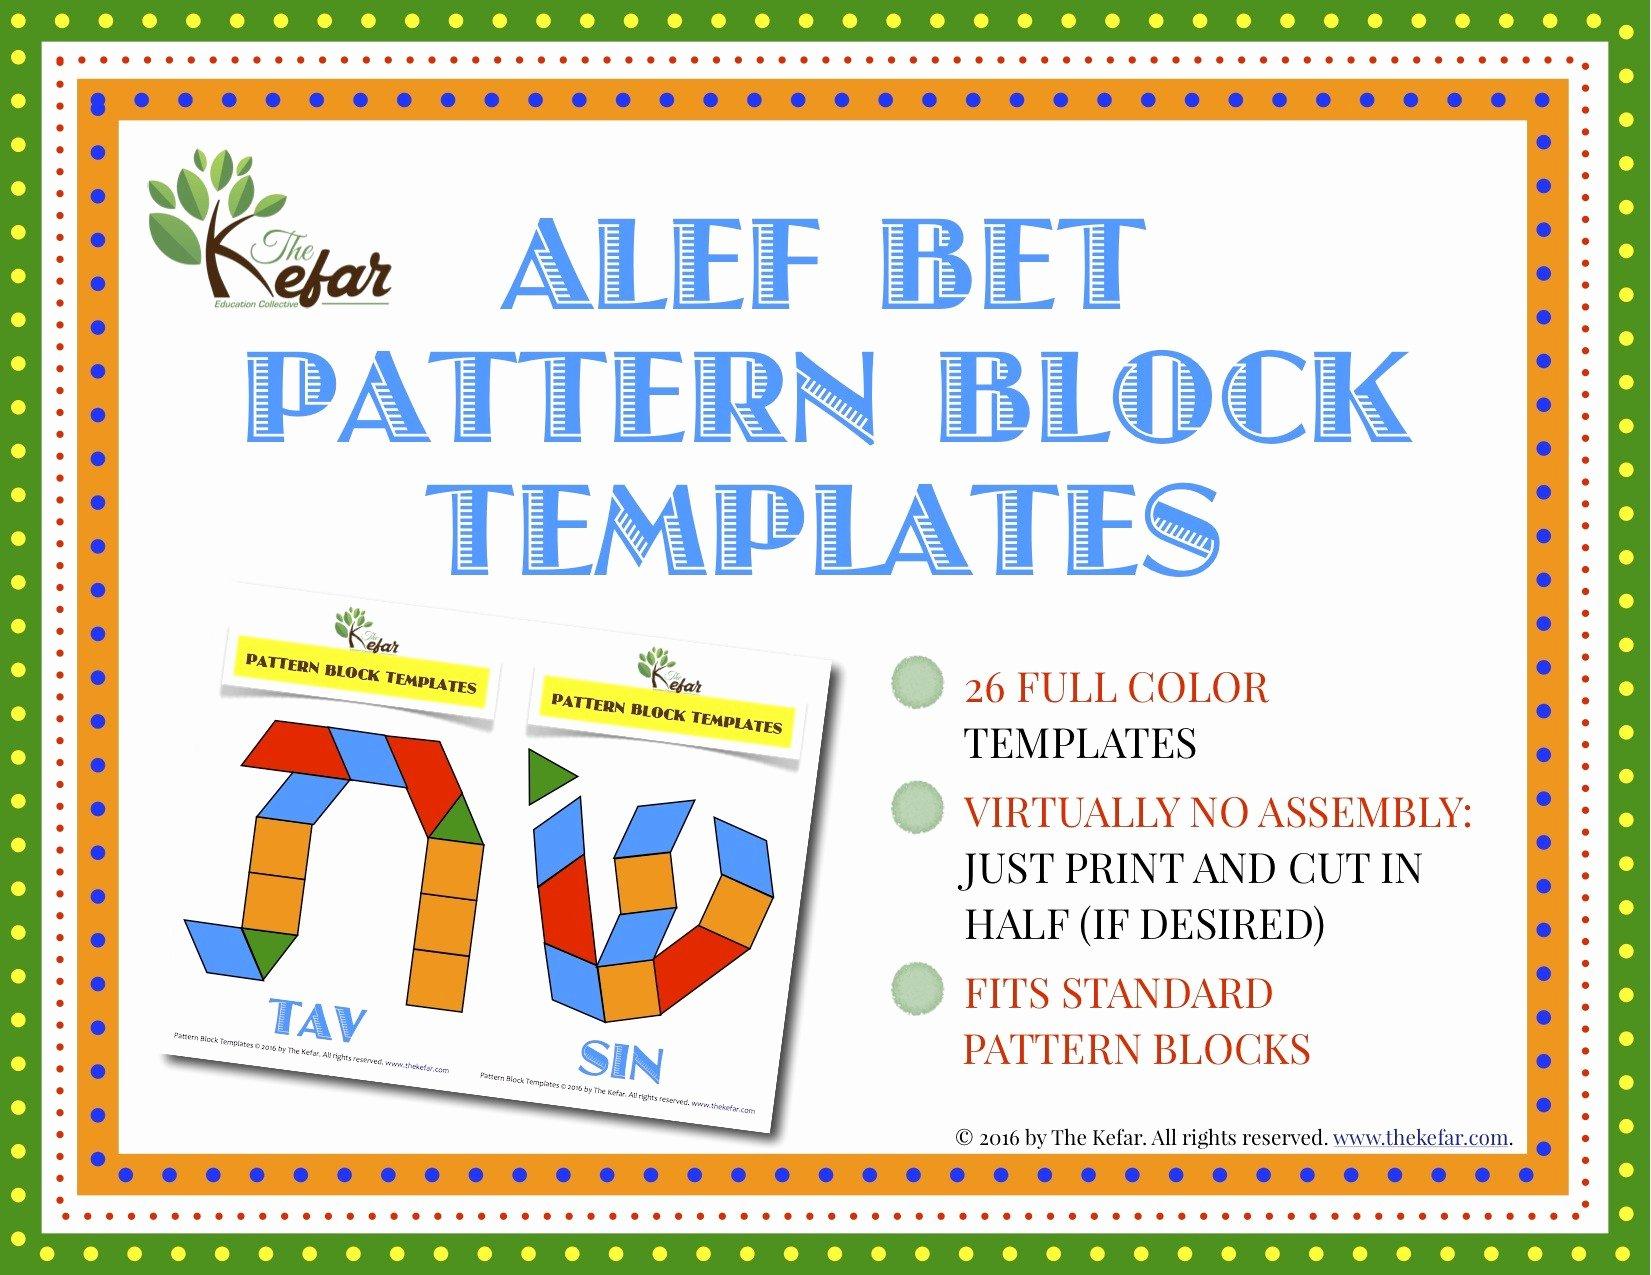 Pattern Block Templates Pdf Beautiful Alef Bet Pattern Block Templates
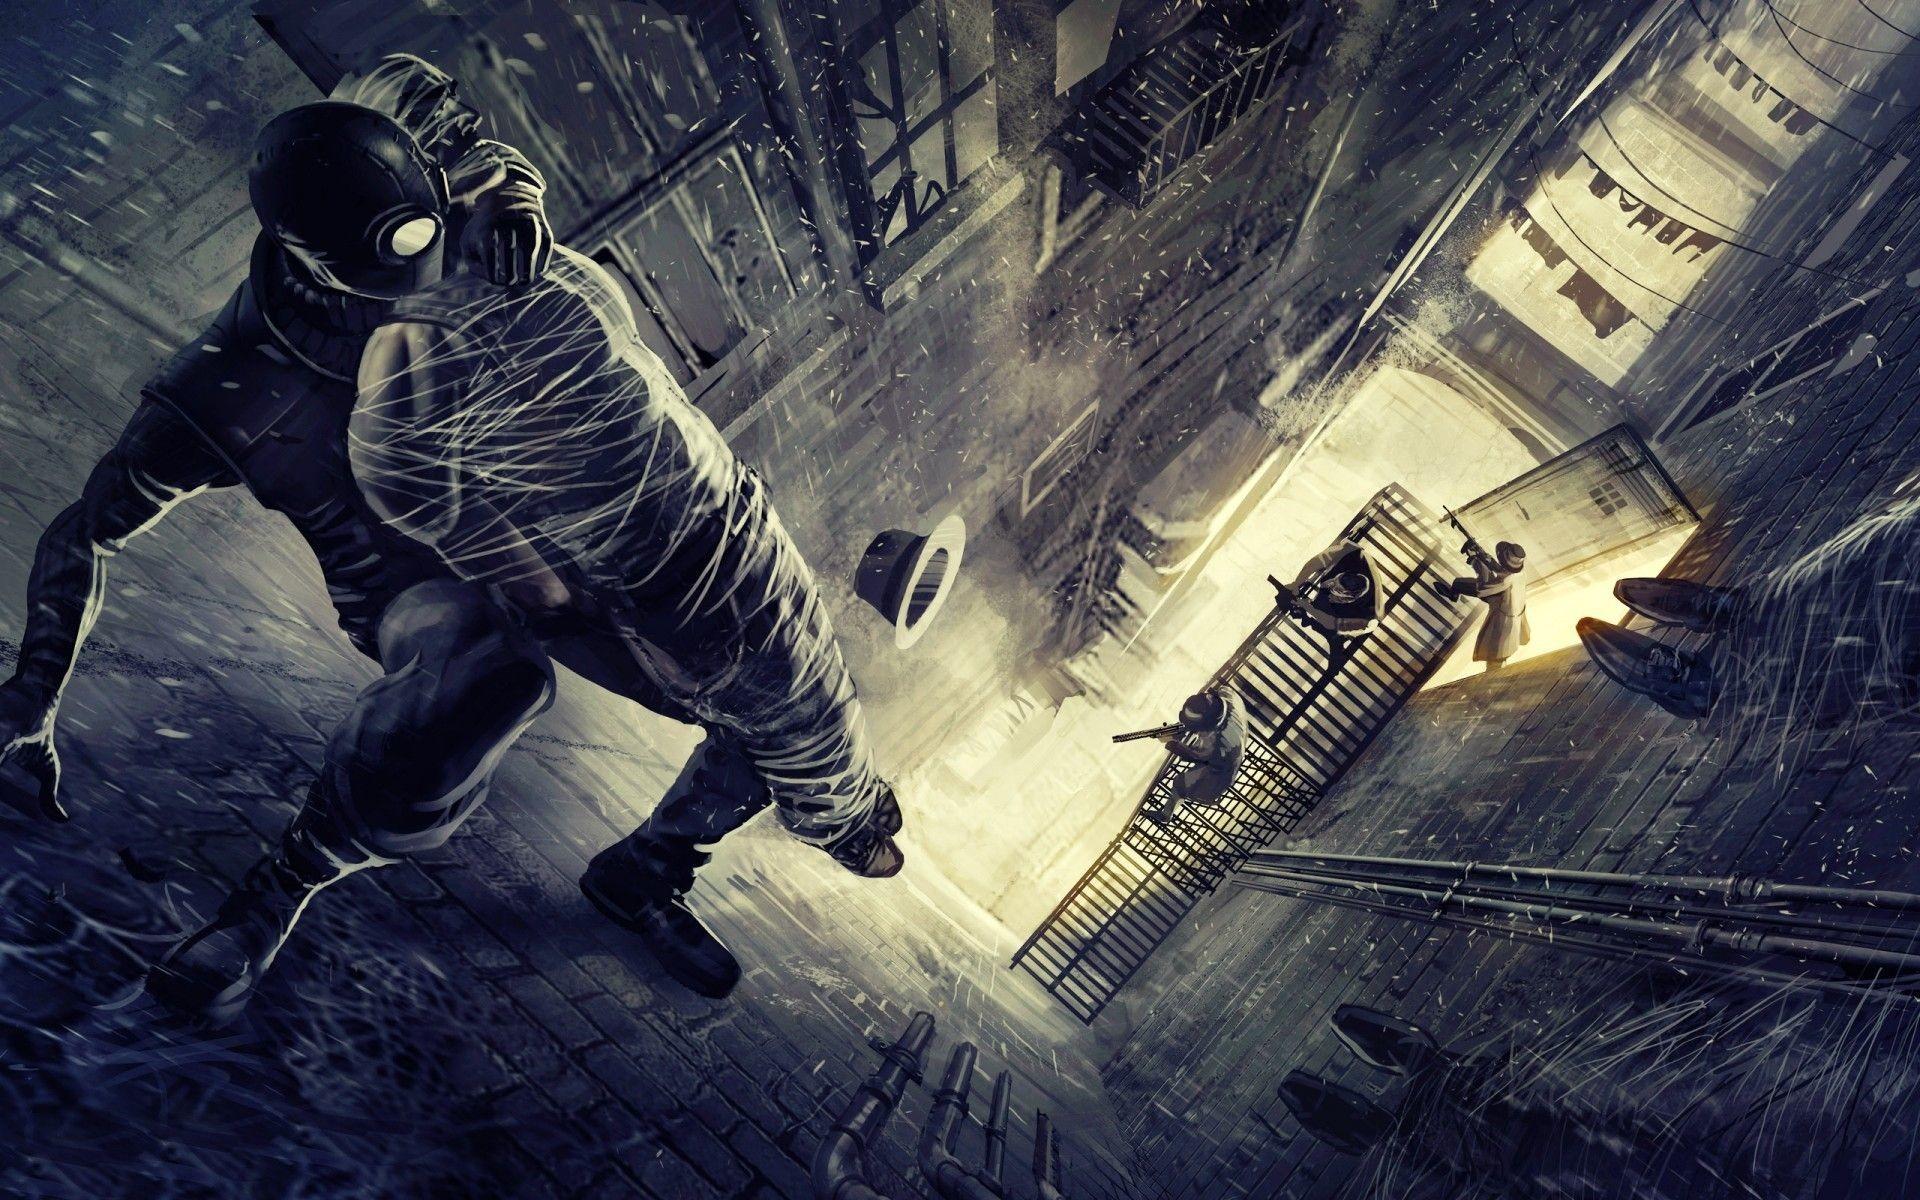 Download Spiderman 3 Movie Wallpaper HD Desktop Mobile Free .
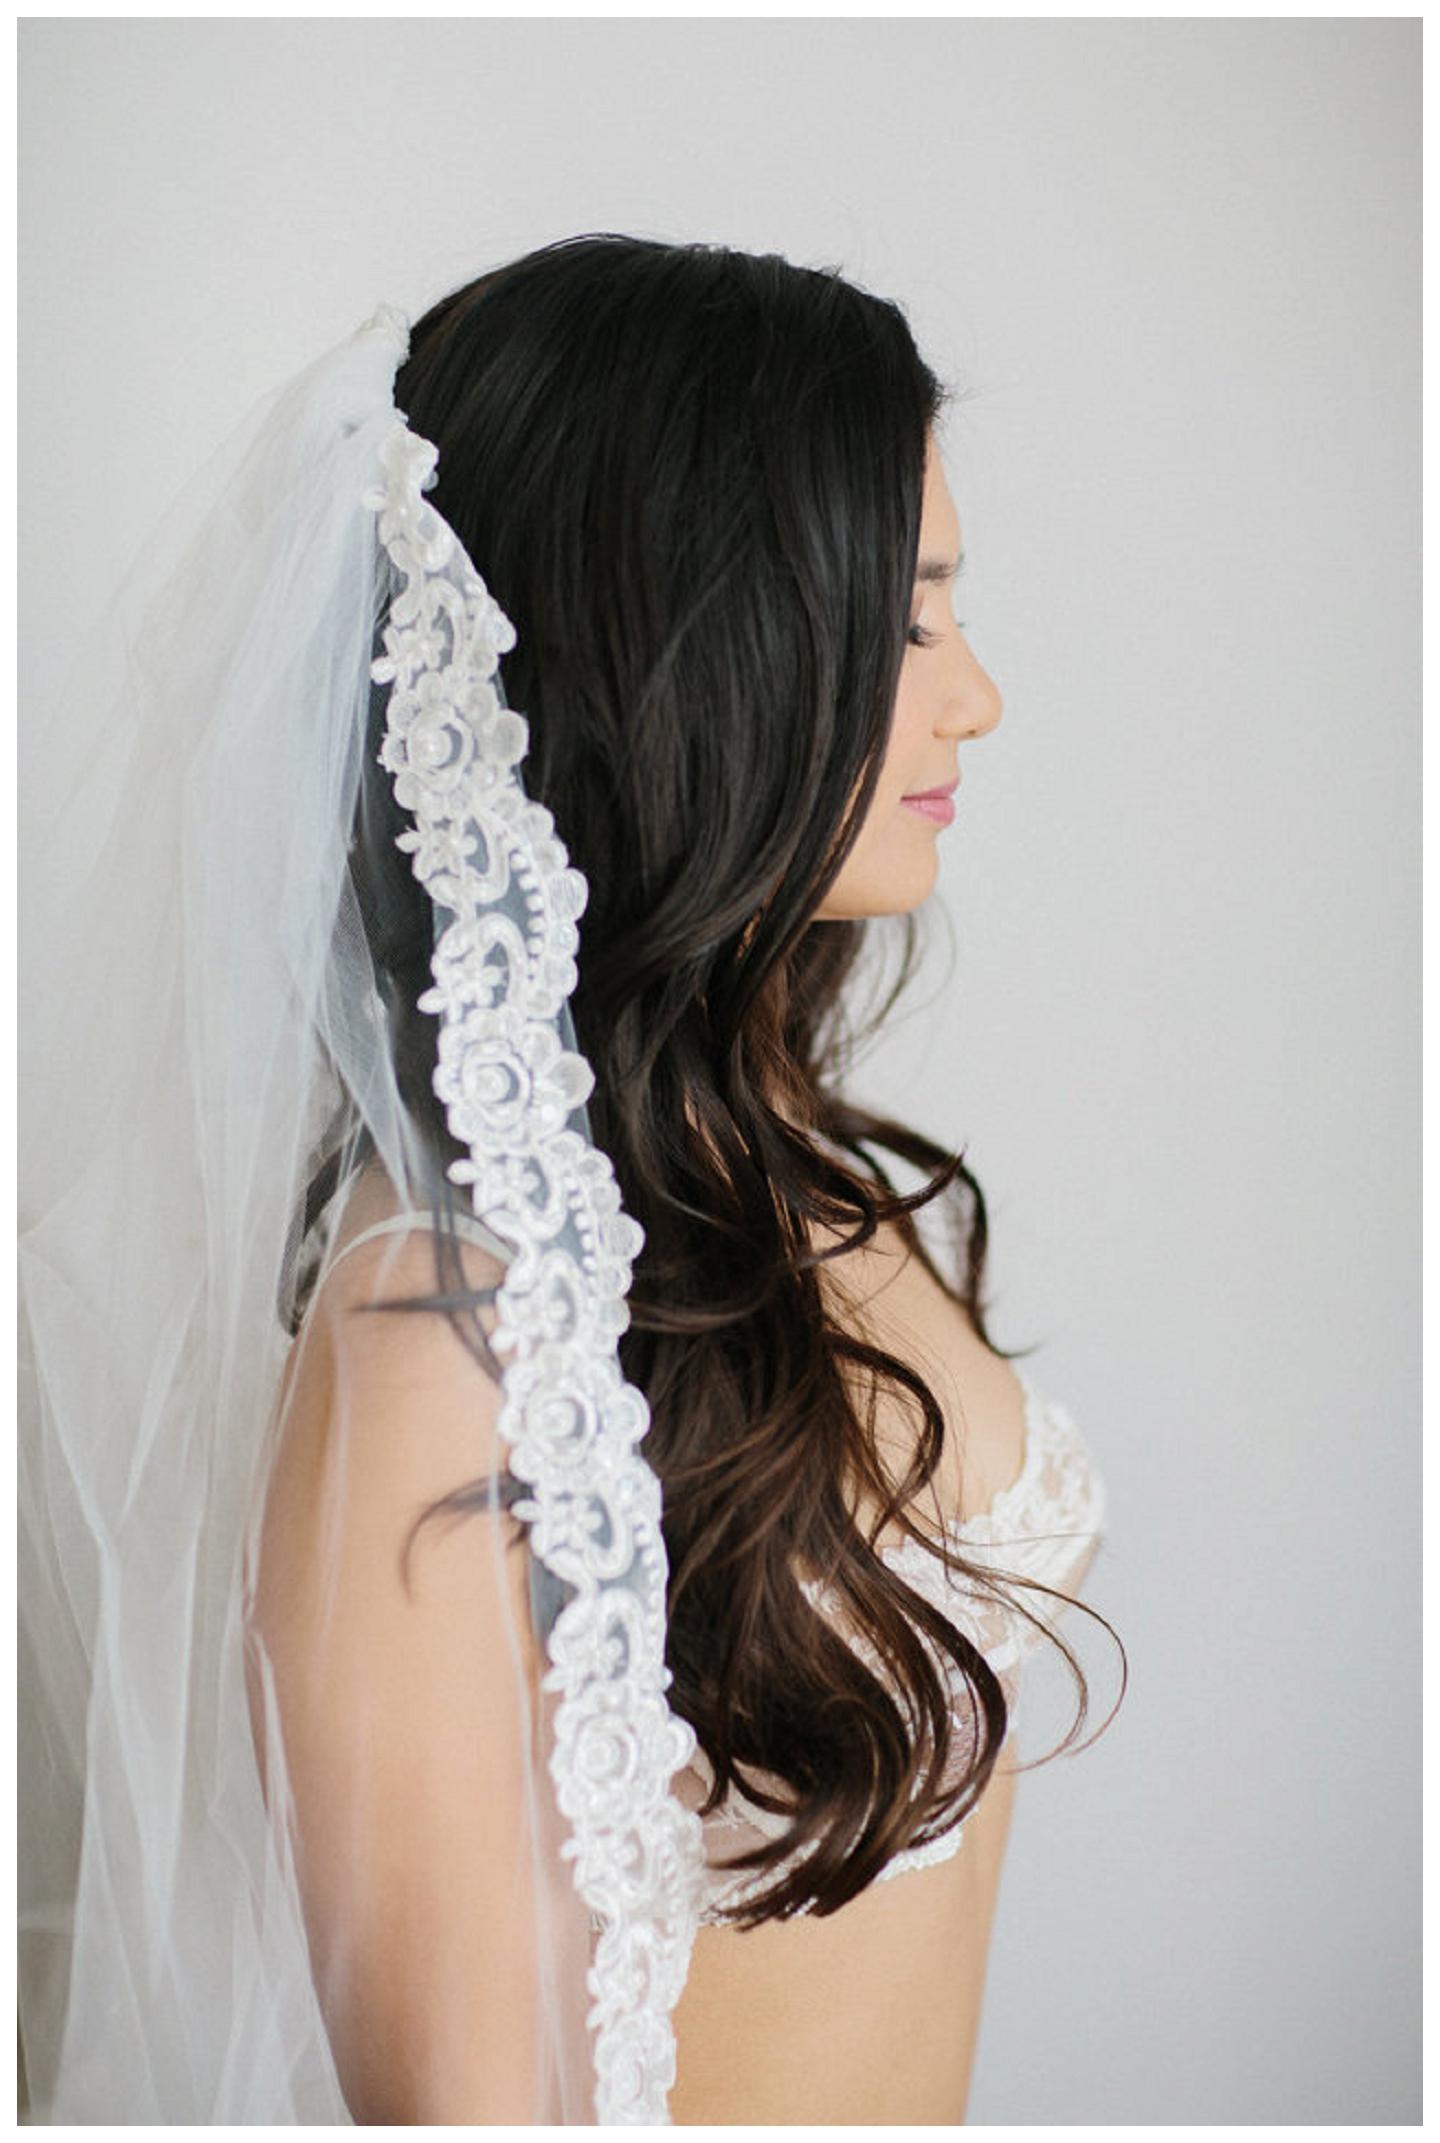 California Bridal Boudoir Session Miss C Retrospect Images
# # # # # # #
Task brief:
Copy out the listing above in full and keep the pictures out.

Written reply:
 Pattern Block Templates Pdf Beautiful Alef Bet Pattern Block Templates
 Download Spiderman 3 Movie Wallpaper HD Desktop Mobile Free .
 California Bridal Boudoir Session Miss C Retrospect Images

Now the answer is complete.